# Muskrat Love and Other Sights of the Day( Pic Heavy )



## Dean_Gretsch (Apr 11, 2018)

These are from two different ventures out today.

1 Stalking




2 Northern Rough-Winged Swallow



3 Nuthatch



4 This muskrat kept chasing another round and round trying to mate.



5 Mallard Pair



6 Canada Geese


----------



## Dean_Gretsch (Apr 11, 2018)

A couple more just for the heck of it
1 



2 Looking for Love



3 Juvenile Bald Eagle


----------



## Jeff15 (Apr 11, 2018)

Some very nice images.............................


----------



## smoke665 (Apr 11, 2018)

Nice set!!! Maybe a little music would have put them in the mood


----------



## Dean_Gretsch (Apr 11, 2018)

Thanks! I knew what the name of the thread would be as soon as I saw the two, lol.


----------



## smoke665 (Apr 11, 2018)

Dean_Gretsch said:


> Thanks! I knew what the name of the thread would be as soon as I saw the two, lol.



That's a title from awhile back!!! Good call.


----------



## BrentC (Apr 11, 2018)

Very nice.  You've been coming across a lot of variety recently.


----------



## Dean_Gretsch (Apr 11, 2018)

Thanks Brent. Yes, I think things are starting to pop finally


----------



## BrentC (Apr 11, 2018)

Really nice set.  Love the geese and heron.

**Forgot I already posted.


----------



## Dean_Gretsch (Apr 11, 2018)

Lol, post as many times as you want!


----------



## baturn (Apr 12, 2018)

Great set!


----------



## Dean_Gretsch (Apr 12, 2018)

Thank you much sir!


----------



## PJcam (Apr 12, 2018)

That is a great set of shots Dean.


----------



## Dean_Gretsch (Apr 12, 2018)

Thanks PJ!


----------



## PJcam (Apr 12, 2018)

Your pictures are always great to view Dean.

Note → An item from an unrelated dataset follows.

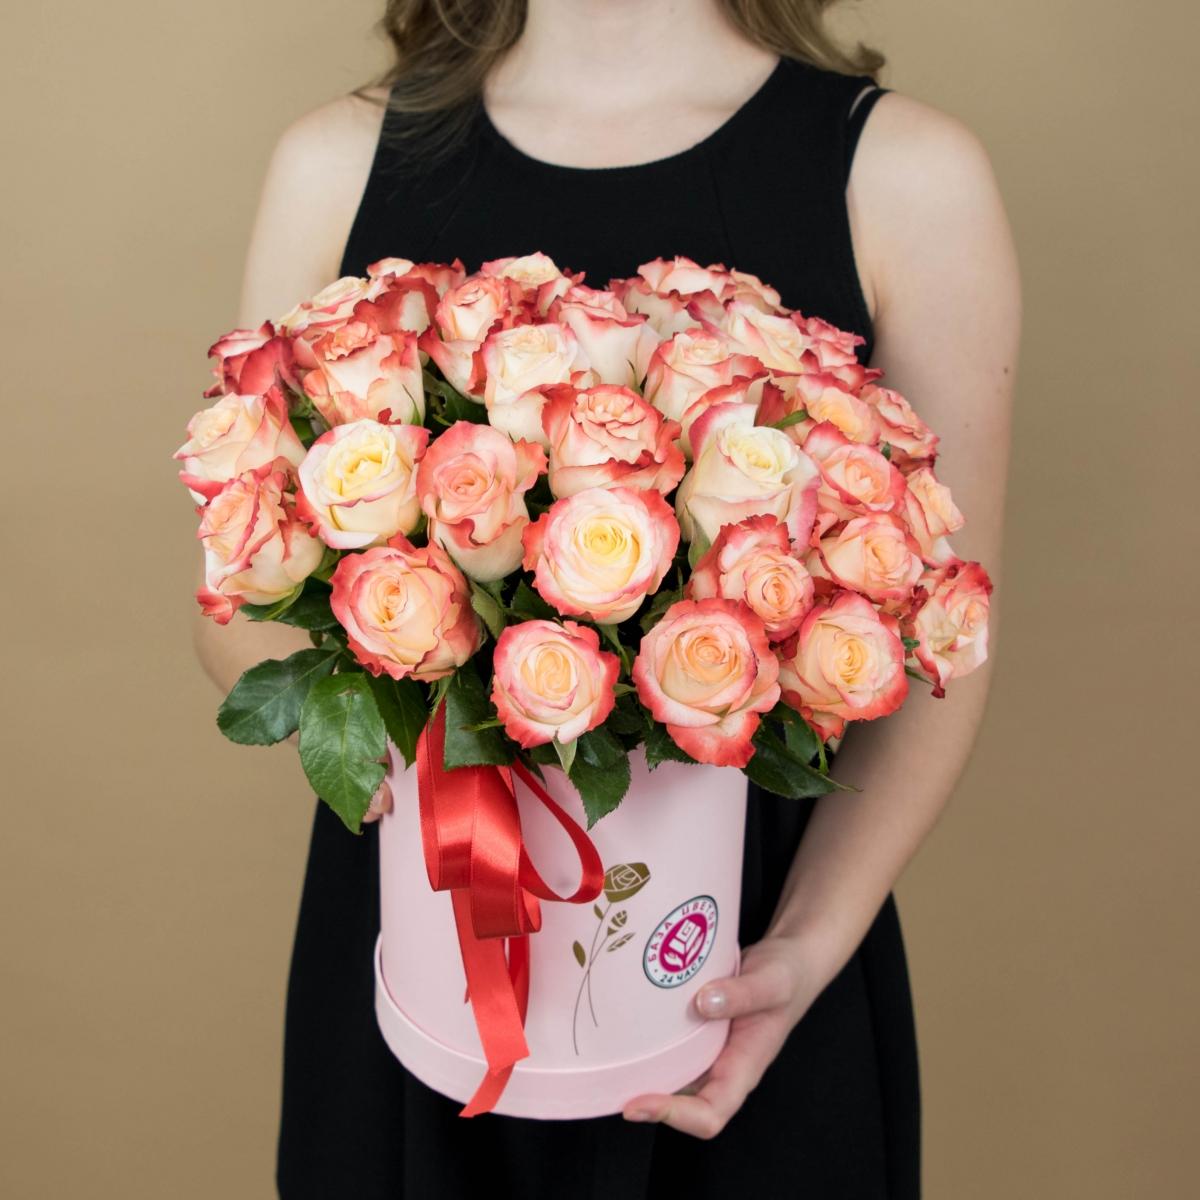 Розы красно-белые в шляпной коробке артикул букета: 4576

I am finding things a bit frustrating, I have my camera but just can't get out to use it. Put the house on the market and sold in a couple of days, it will probably be the end of May when we move but most things are boxed ready. I can't do it, my wife has done it all, we look forward to the move but, I guess it will take a few months to level out, but must find time to get out with the camera at some stage. Meanwhile it is great to view the images on here.


----------



## Dean_Gretsch (Apr 12, 2018)

Thank you for the nice words. I hope your new home provides you with many good memories and great opportunities for photos.


----------



## Fujidave (Apr 12, 2018)

A very good set of shots Dean, all beautifully taken.


----------



## zulu42 (Apr 12, 2018)

Oustanding set!!!


----------



## Dean_Gretsch (Apr 12, 2018)

Fujidave said:


> A very good set of shots Dean, all beautifully taken.





zulu42 said:


> Oustanding set!!!



Thanks much guys! Hopefully busy season is near and a variety will be more common with babies being born/hatched.


----------



## zombiesniper (Apr 12, 2018)

Great set.


----------



## Dean_Gretsch (Apr 12, 2018)

Thanks!


----------



## HavToNo (Apr 15, 2018)

Very nice set Dean.


----------



## Dean_Gretsch (Apr 15, 2018)

Thank you HTN.


----------